In this step, you run a job that runs another notebook in your Azure Databricks workspace. This notebook calls the Python wheel library.

  1. Use the Bash task: click the plus sign again in the Agent job section, select the Bash task on the Utility tab, and then click Add.

  2. Click the Bash Script task next to Agent job.

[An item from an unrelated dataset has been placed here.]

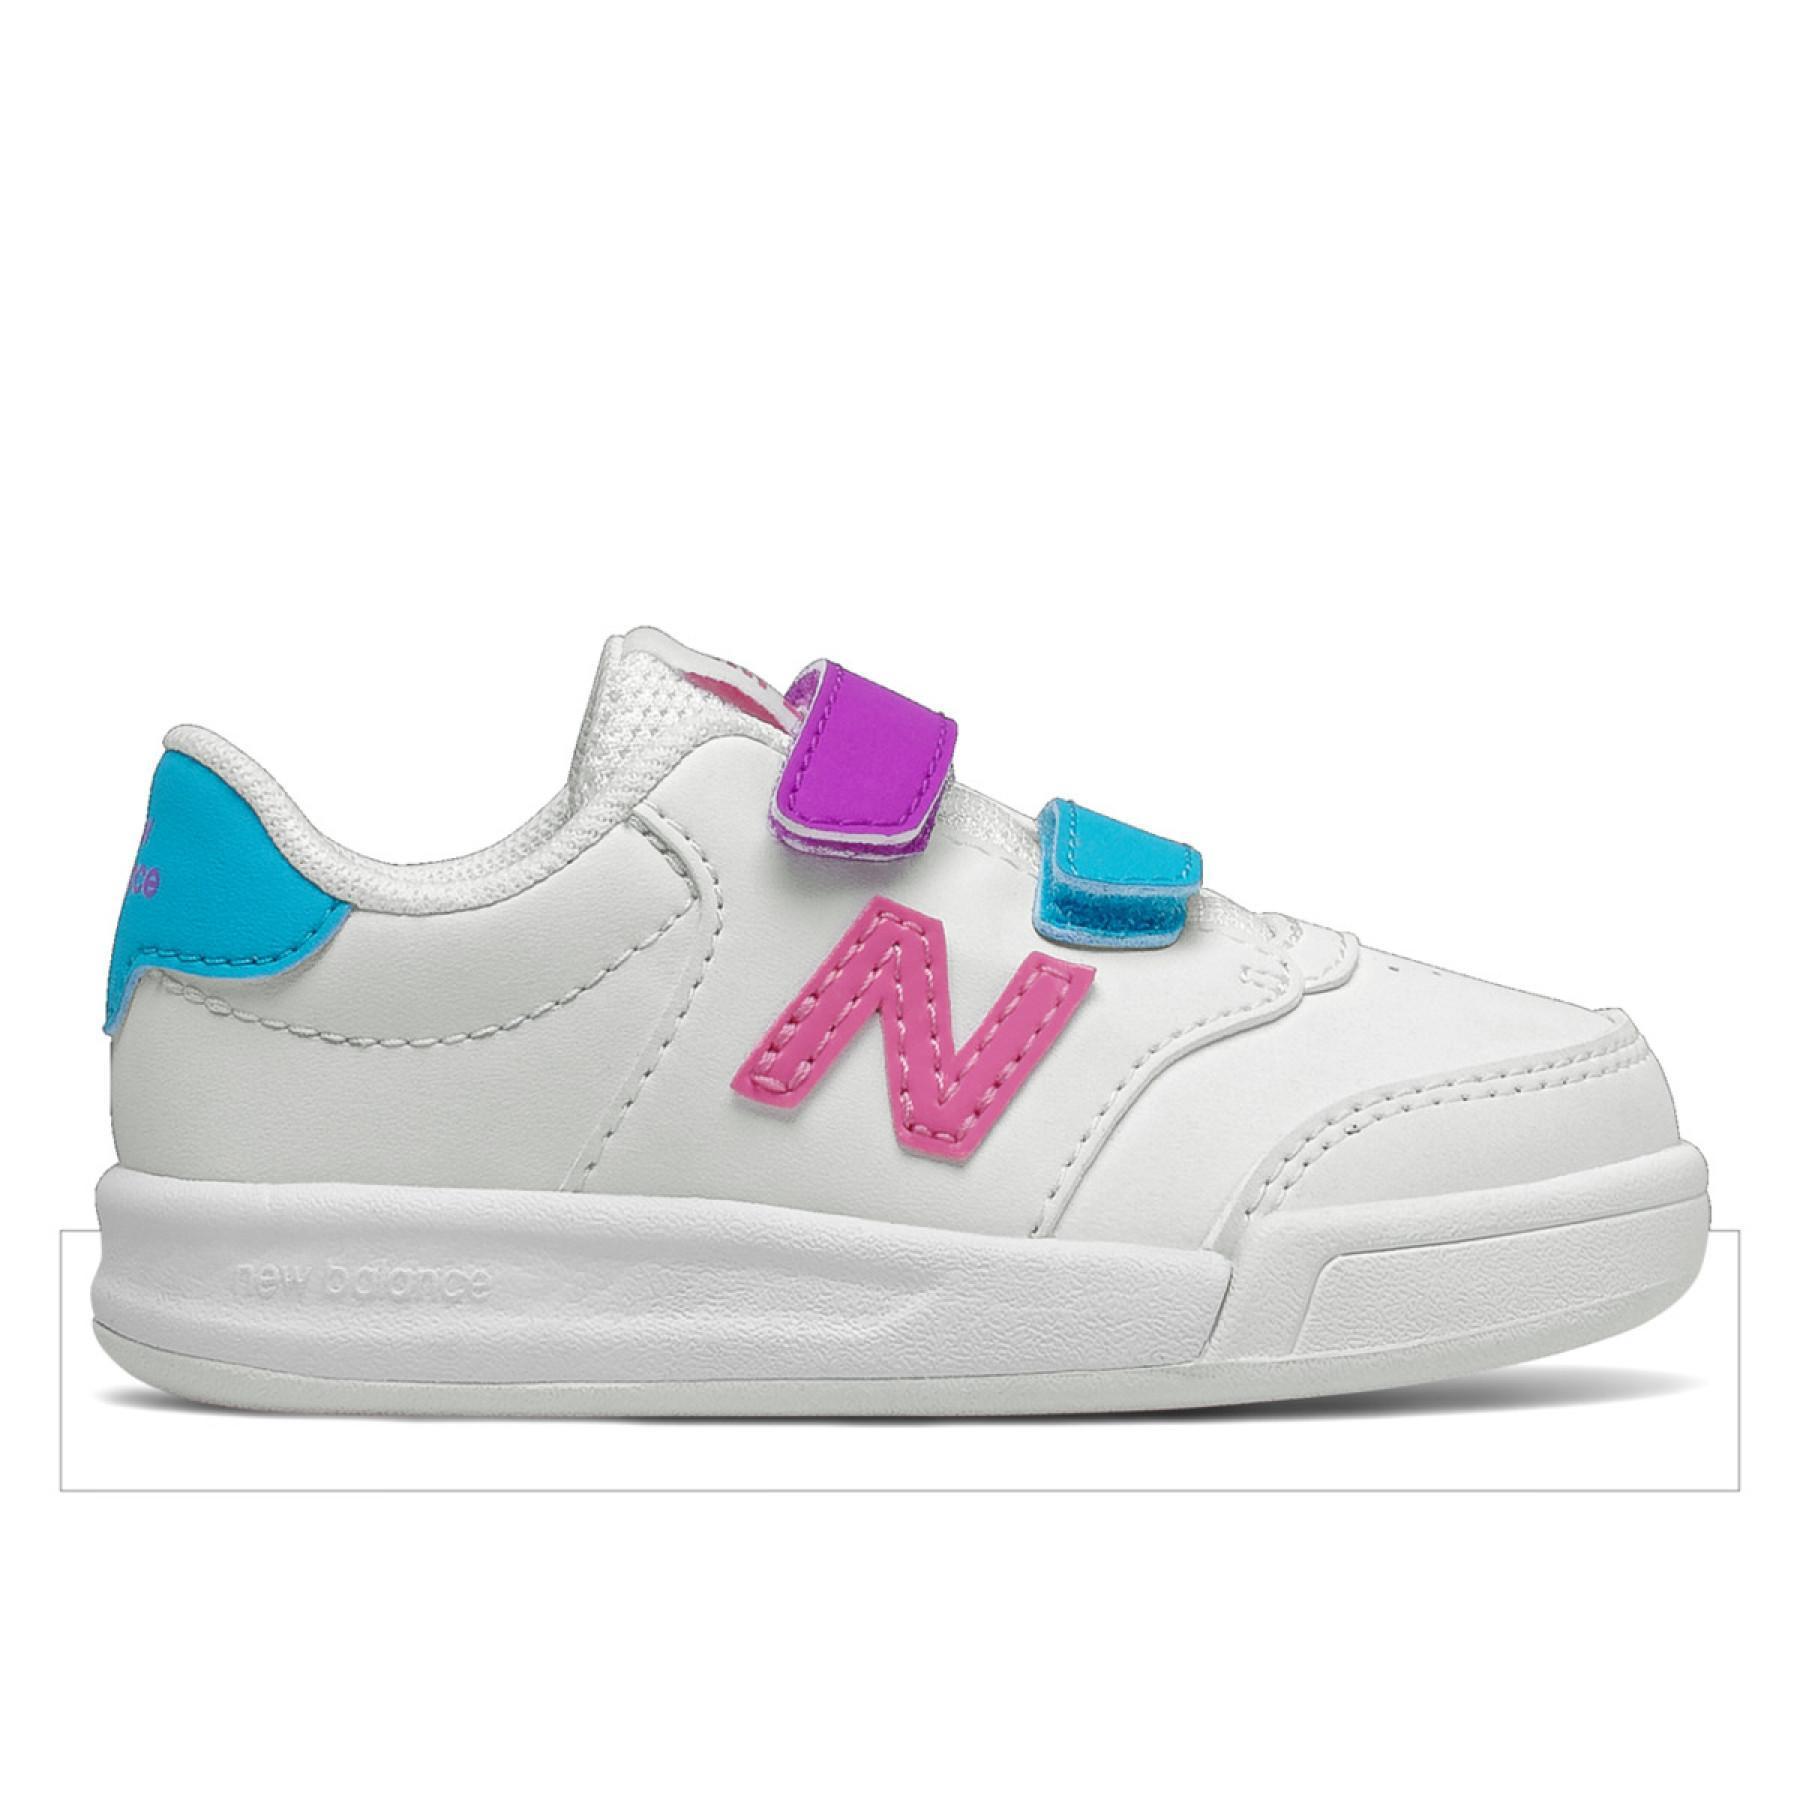 Scarpe per bambini New Balance ct60
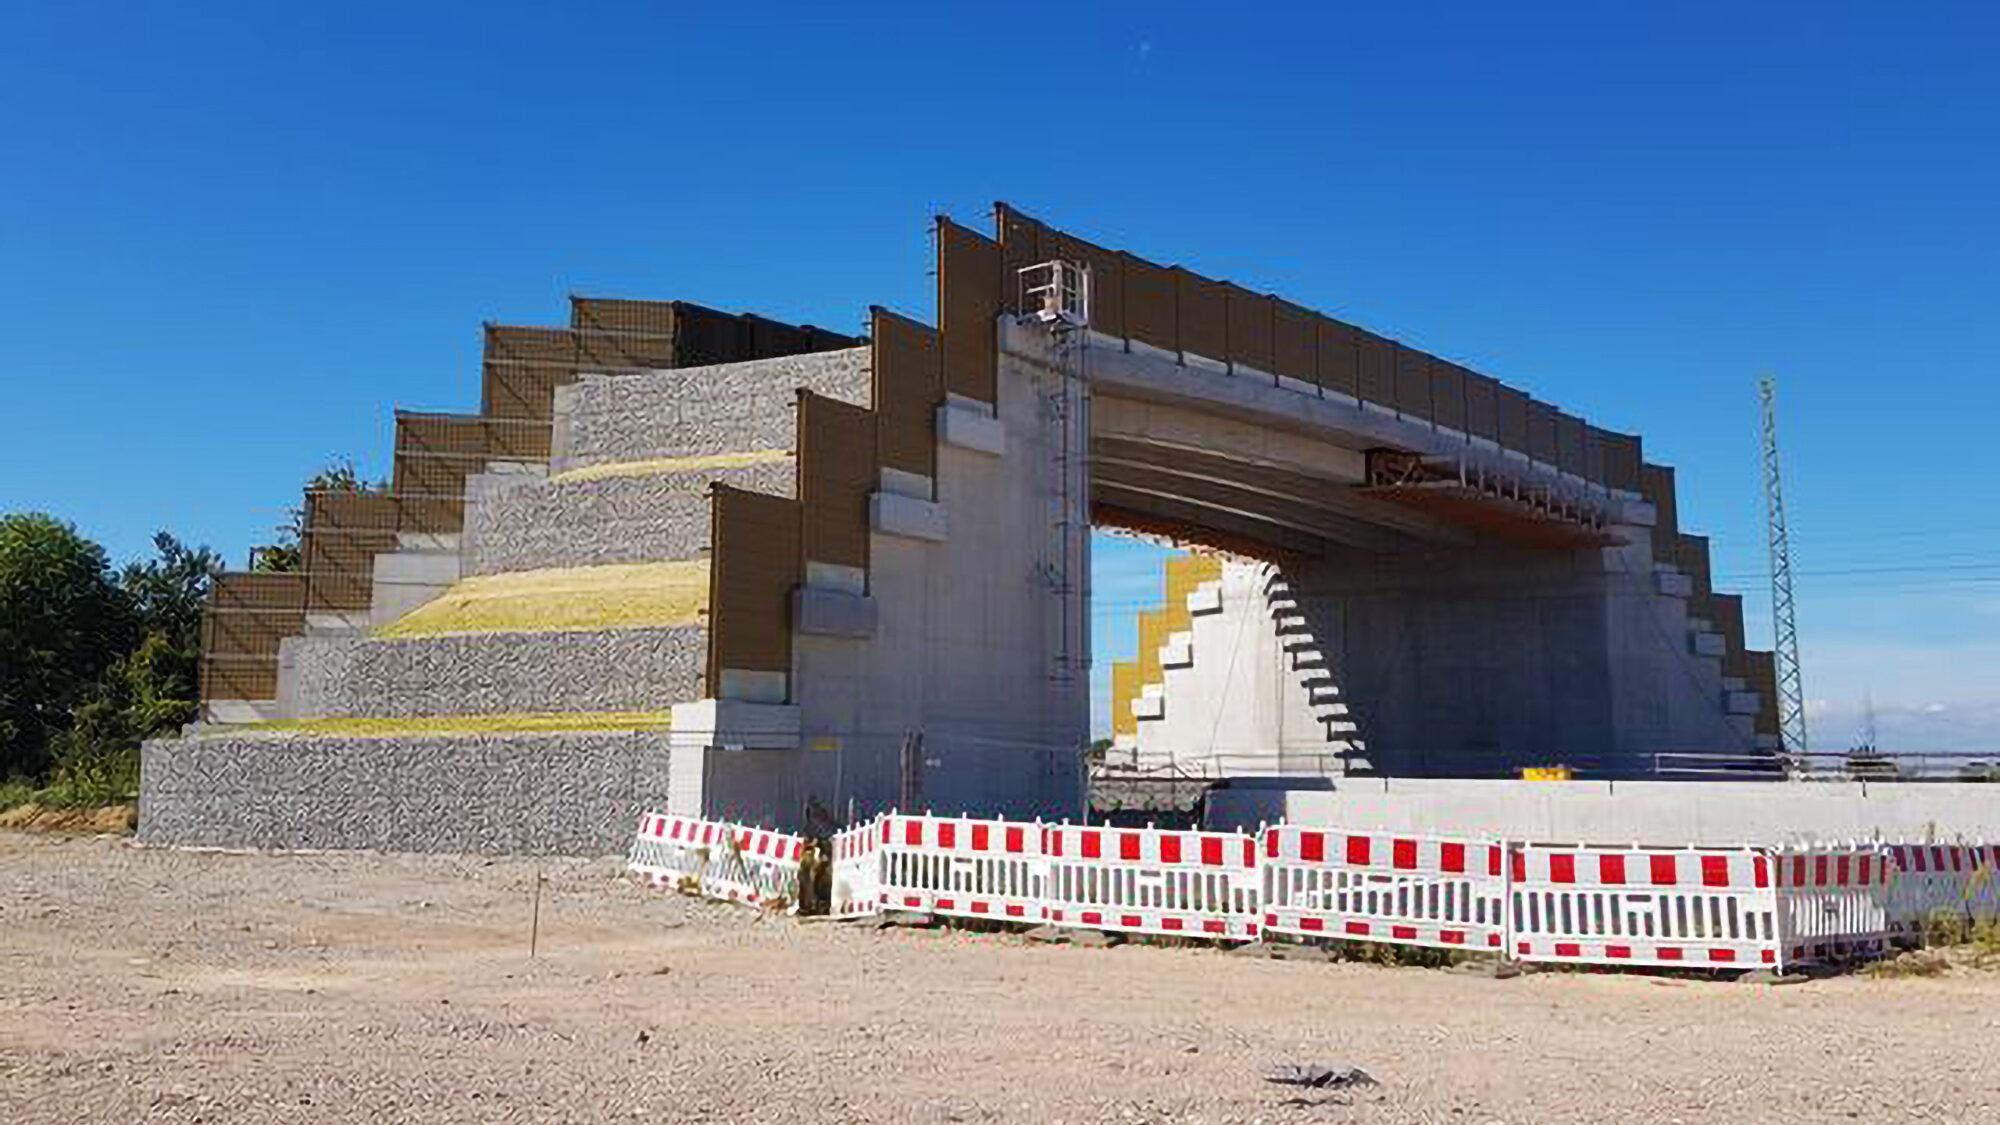 How Did the Bat Cross the Train Tracks? Germany Built a $1.8 Million Bridge

  3. For Type, select Inline.

  4. Replace the contents of Script with the following command, which uses the Databricks CLI to run the job in your Azure Databricks workspace:

    databricks bundle run -t $(BUNDLE_TARGET) run-dabdemo-notebook
    
  5. Set Display name to Run notebook.

  6. Click Save > OK.

You have now completed configuring your release pipeline. It should look as follows:

Azure DevOps finished release pipeline configuration

Step 4: Run the build and release pipelines

In this step, you run the pipelines manually. To learn how to run the pipelines automatically, see Specify events that trigger pipelines and Release triggers.

To run the build pipeline manually:

  1. On the Pipelines menu in the sidebar, click Pipelines.
  2. Click your build pipeline’s name, and then click Run pipeline.
  3. For Branch/tag, select the name of the branch in your Git repository that contains all of the source code that you added. This example assumes that this is in the release branch.
  4. Click Run. The build pipeline’s run page appears.
  5. To see the build pipeline’s progress and to view the related logs, click the spinning icon next to Job.
  6. After the Job icon turns to a green check mark, proceed to run the release pipeline.

To run the release pipeline manually:

  1. After the build pipeline has run successfully, on the Pipelines menu in the sidebar, click Releases.
  2. Click your release pipeline’s name, and then click Create release.
  3. Click Create.
  4. To see the release pipeline’s progress, in the list of releases, click the name of the latest release.
  5. In the Stages box, click Stage 1, and click Logs.